Currently, distutils does not allows the usage of Unicode for some meta-data fields that should be able to use it.
These fields are:
- author - maintainer - description - long_description
For instance, if you use u"Barnabé" in the author field, the DistributionMetada.write_pkg_file will fail when it tries to serialize the information into a file.
The problem is that the current implementation makes the assumption that all fields are ascii string.
This won't be a problem in Python 3k, of course, but currently concerns the 2.x series.
One possible solution would be to move these fields to Unicode for the 2.6 series.

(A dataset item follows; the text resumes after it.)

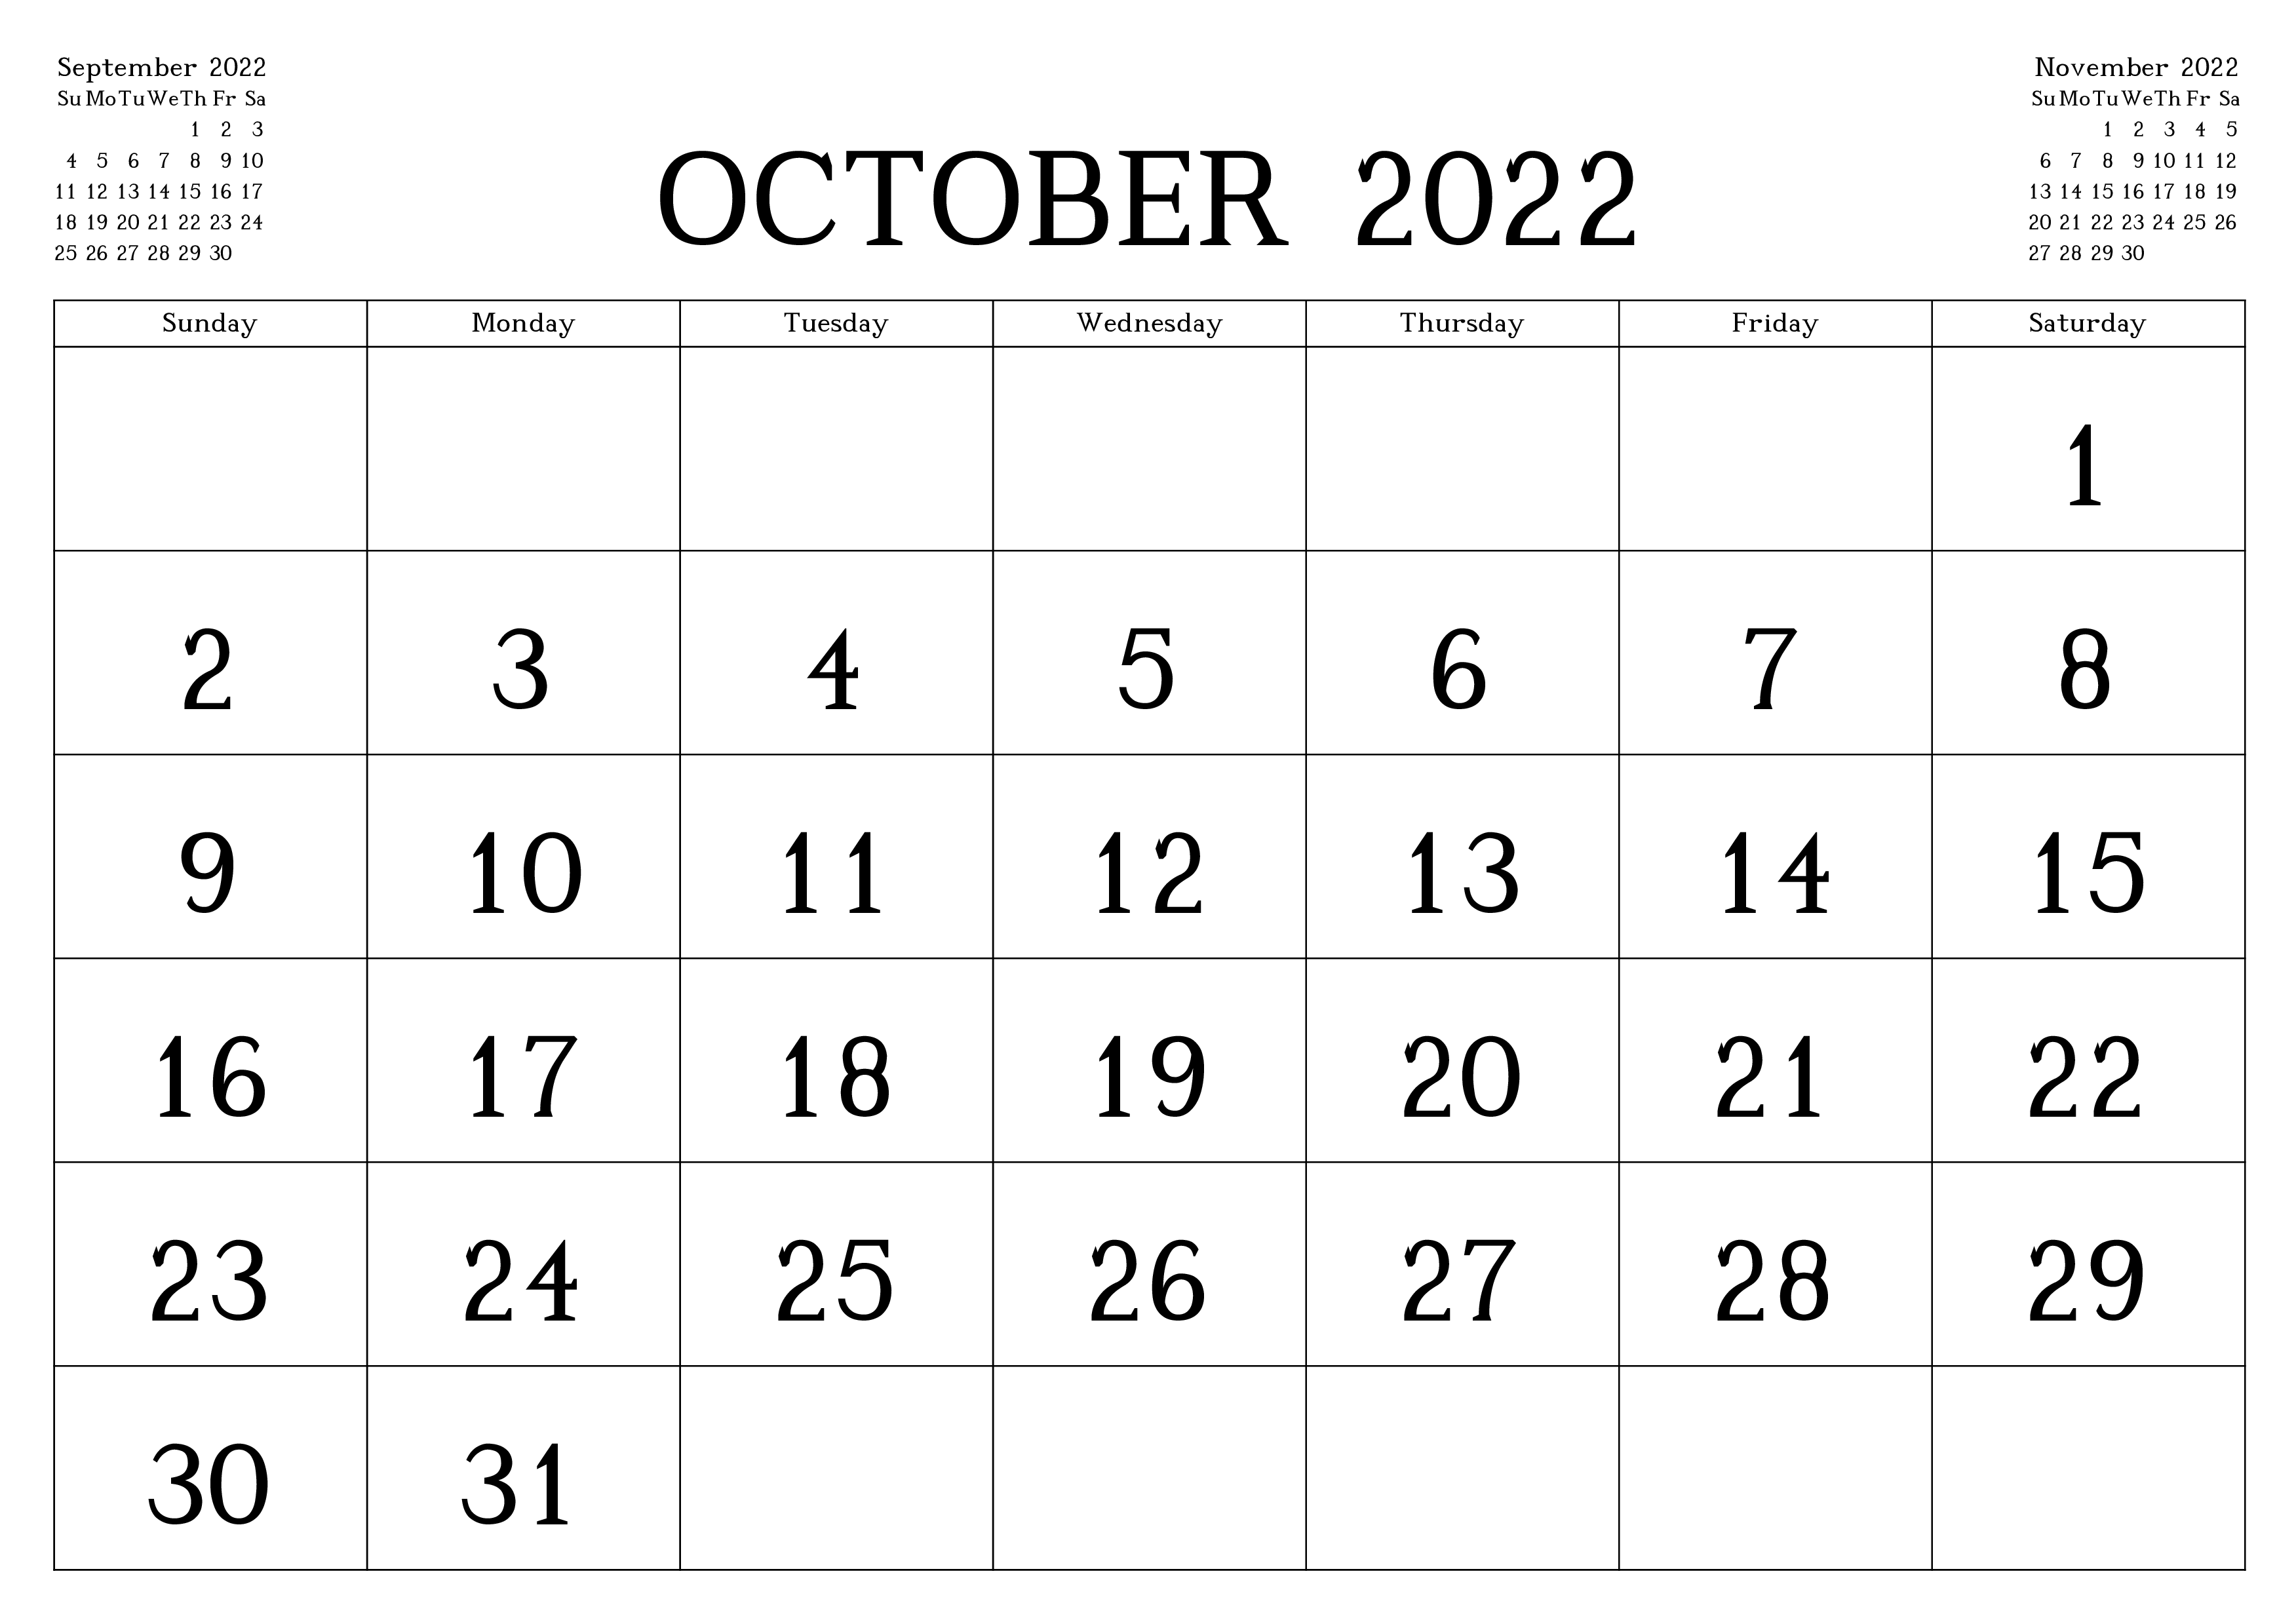 October 2022 Printable Calendar

In the meantime, many people are using str type for those fields, so as Martin mentioned, a backward compatibility would be better to support either plain string either Unicode.
Other fields should be left imho in ascii, since an url for instance has to be ascii. But maybe it would be better, as Martin mentioned, to use Unicode for all fields.
In any case, if we do use Unicode for some fields, we will need to provide the codec to be used to serialize the data in a file.
My proposal here would be to add a 'encoding' field in the metadata that defaults to 'utf8', and that would let people explicitely indicates the encoding.
I have written a quick patch here of a possible implementation, so you can see the problem :
Tarek Ziadé wrote:
I would like to summarize here http://bugs.python.org/issue2562. ...
Just a quick note to say that my patch has been integrated to Python trunk with the help of MAL, So this bug is fixed for the 2.7 series, (doesn't concern 3.x)
If you have accented letters in your name you may use them now in your setup.py metadata :-)